Transcribe the whole listing exactly; the images stay out.

+++ Data section

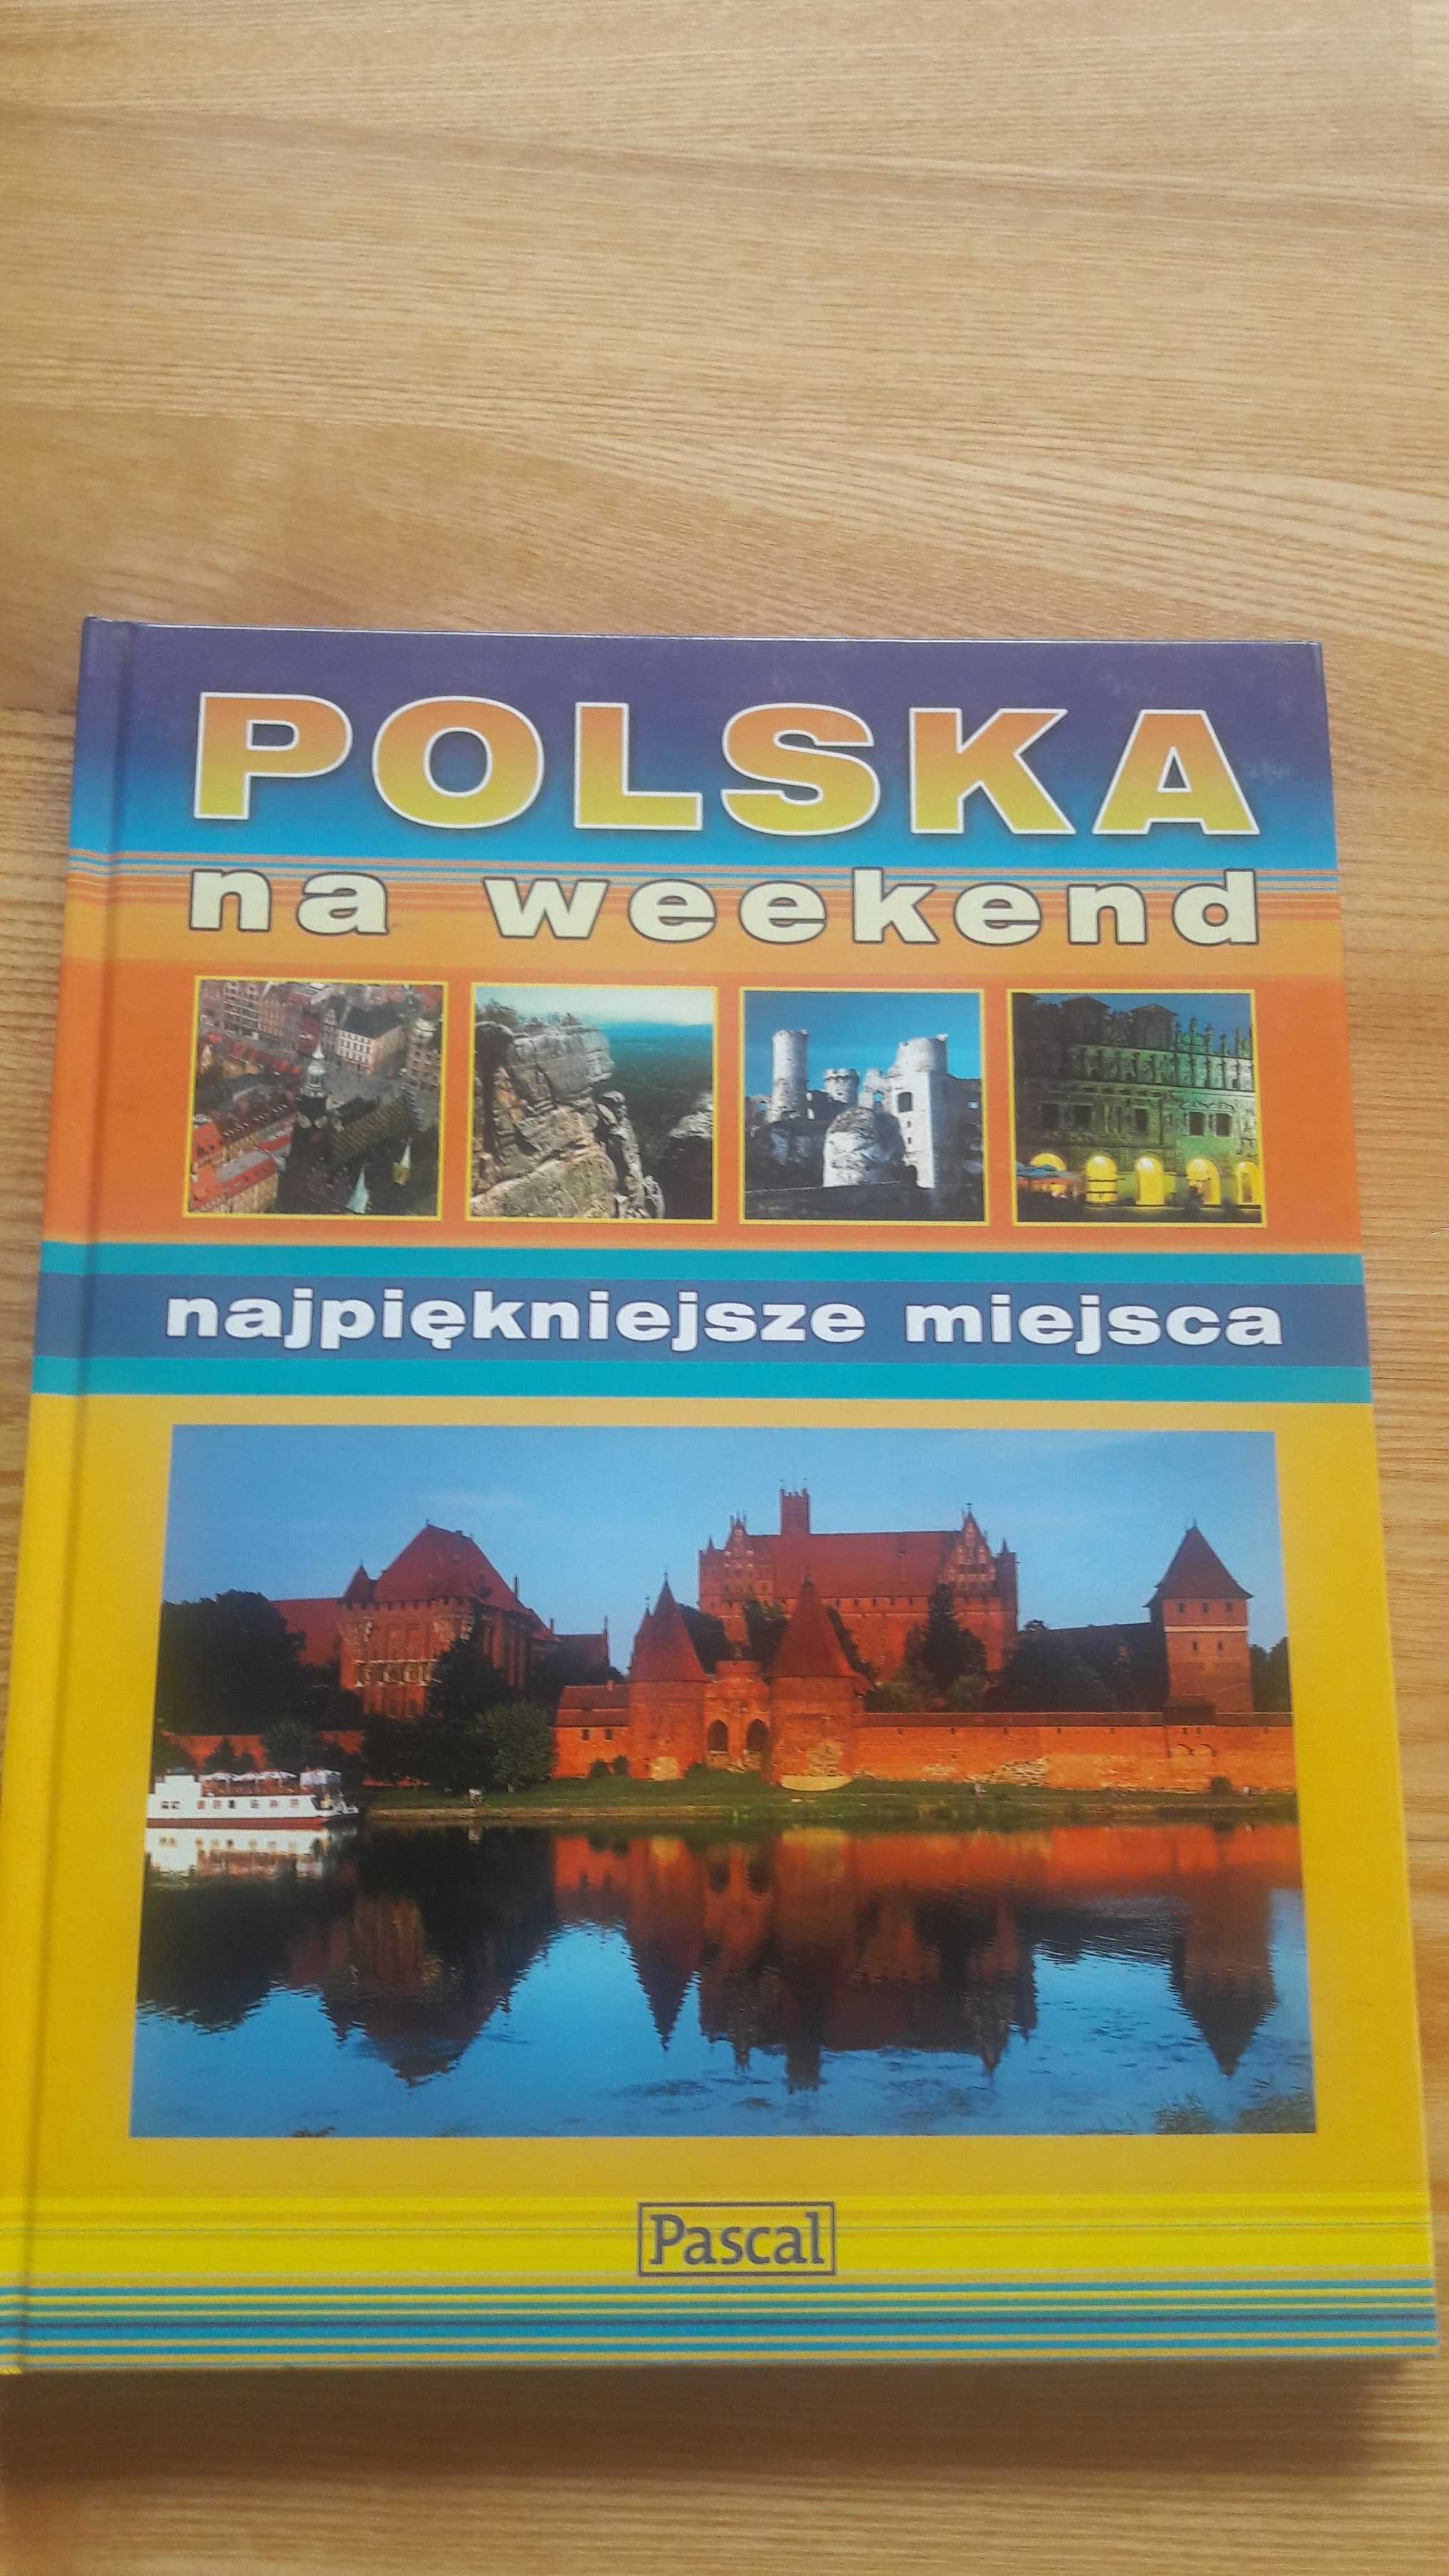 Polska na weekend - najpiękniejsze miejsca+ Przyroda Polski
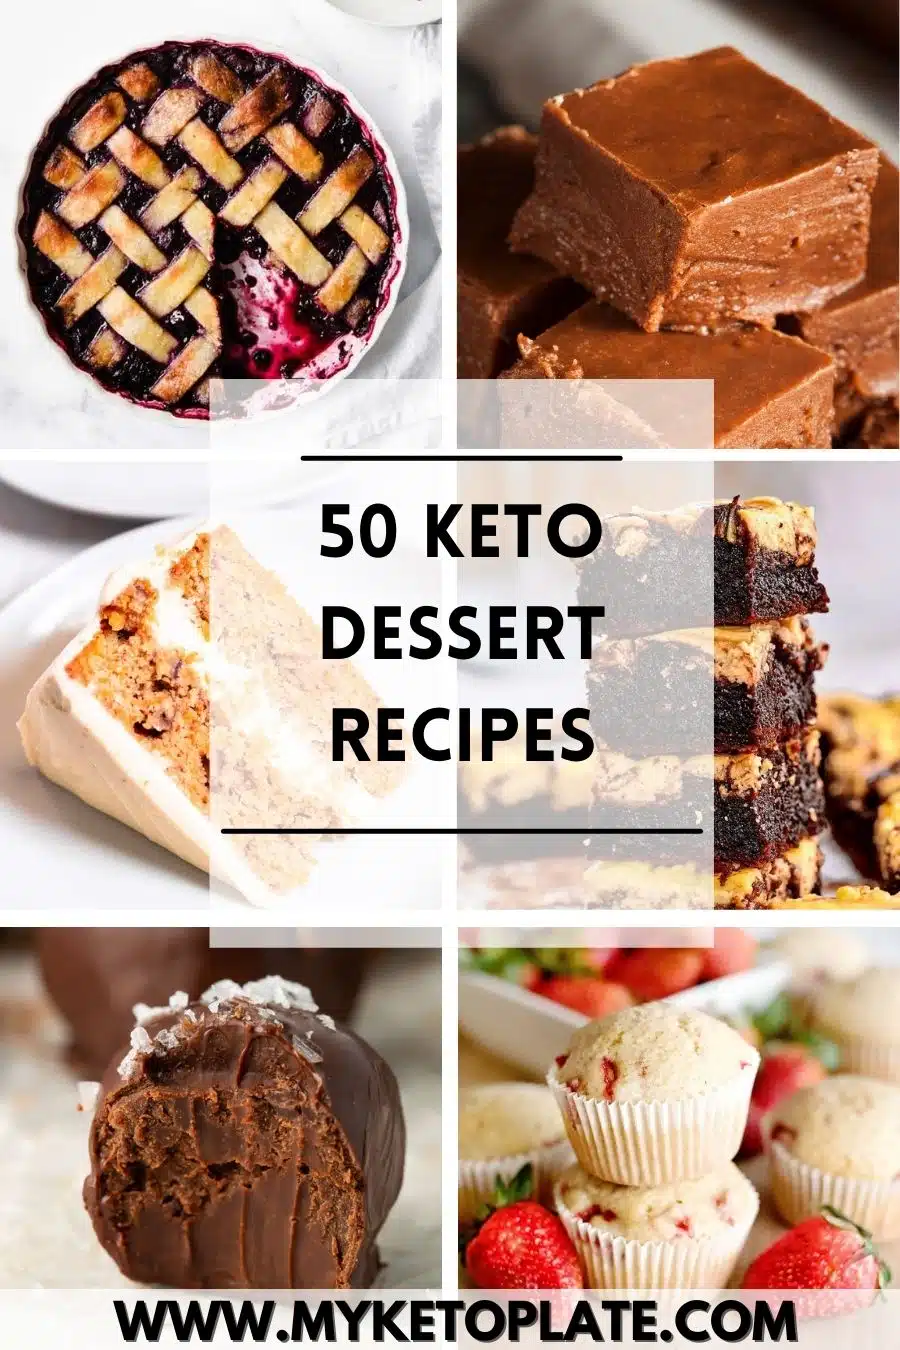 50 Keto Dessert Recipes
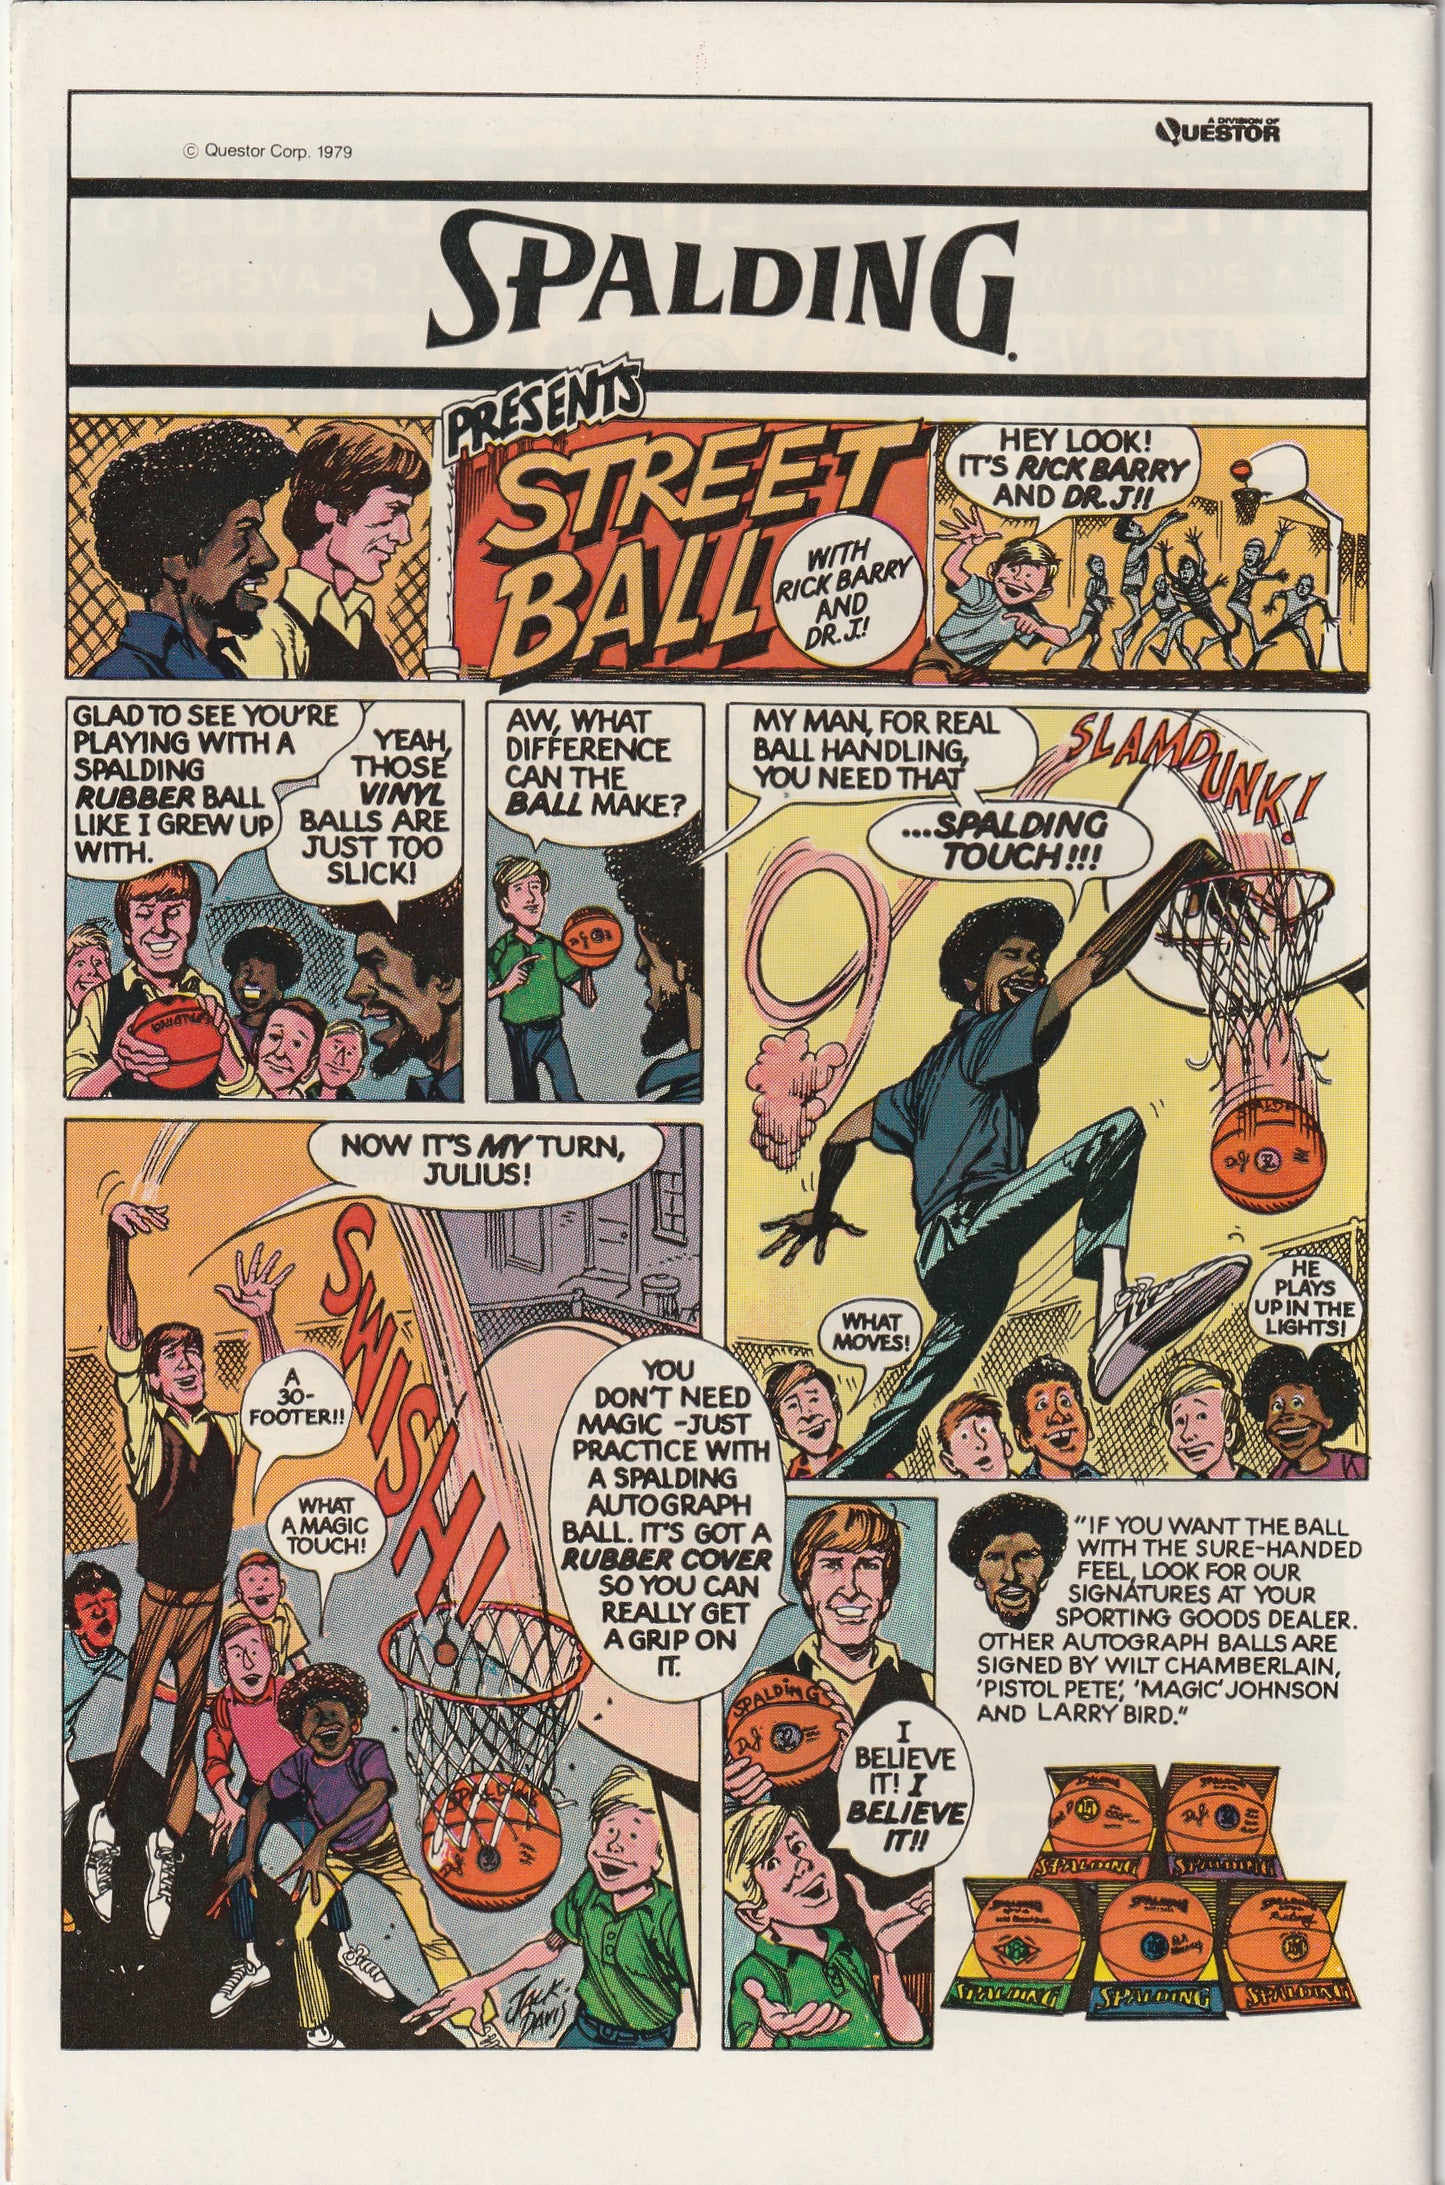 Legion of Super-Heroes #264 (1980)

++++++

Output of the exercise:
 Polska na weekend - najpiękniejsze miejsca+ Przyroda Polski
 50 Keto Dessert Recipes
 Legion of Super-Heroes #264 (1980)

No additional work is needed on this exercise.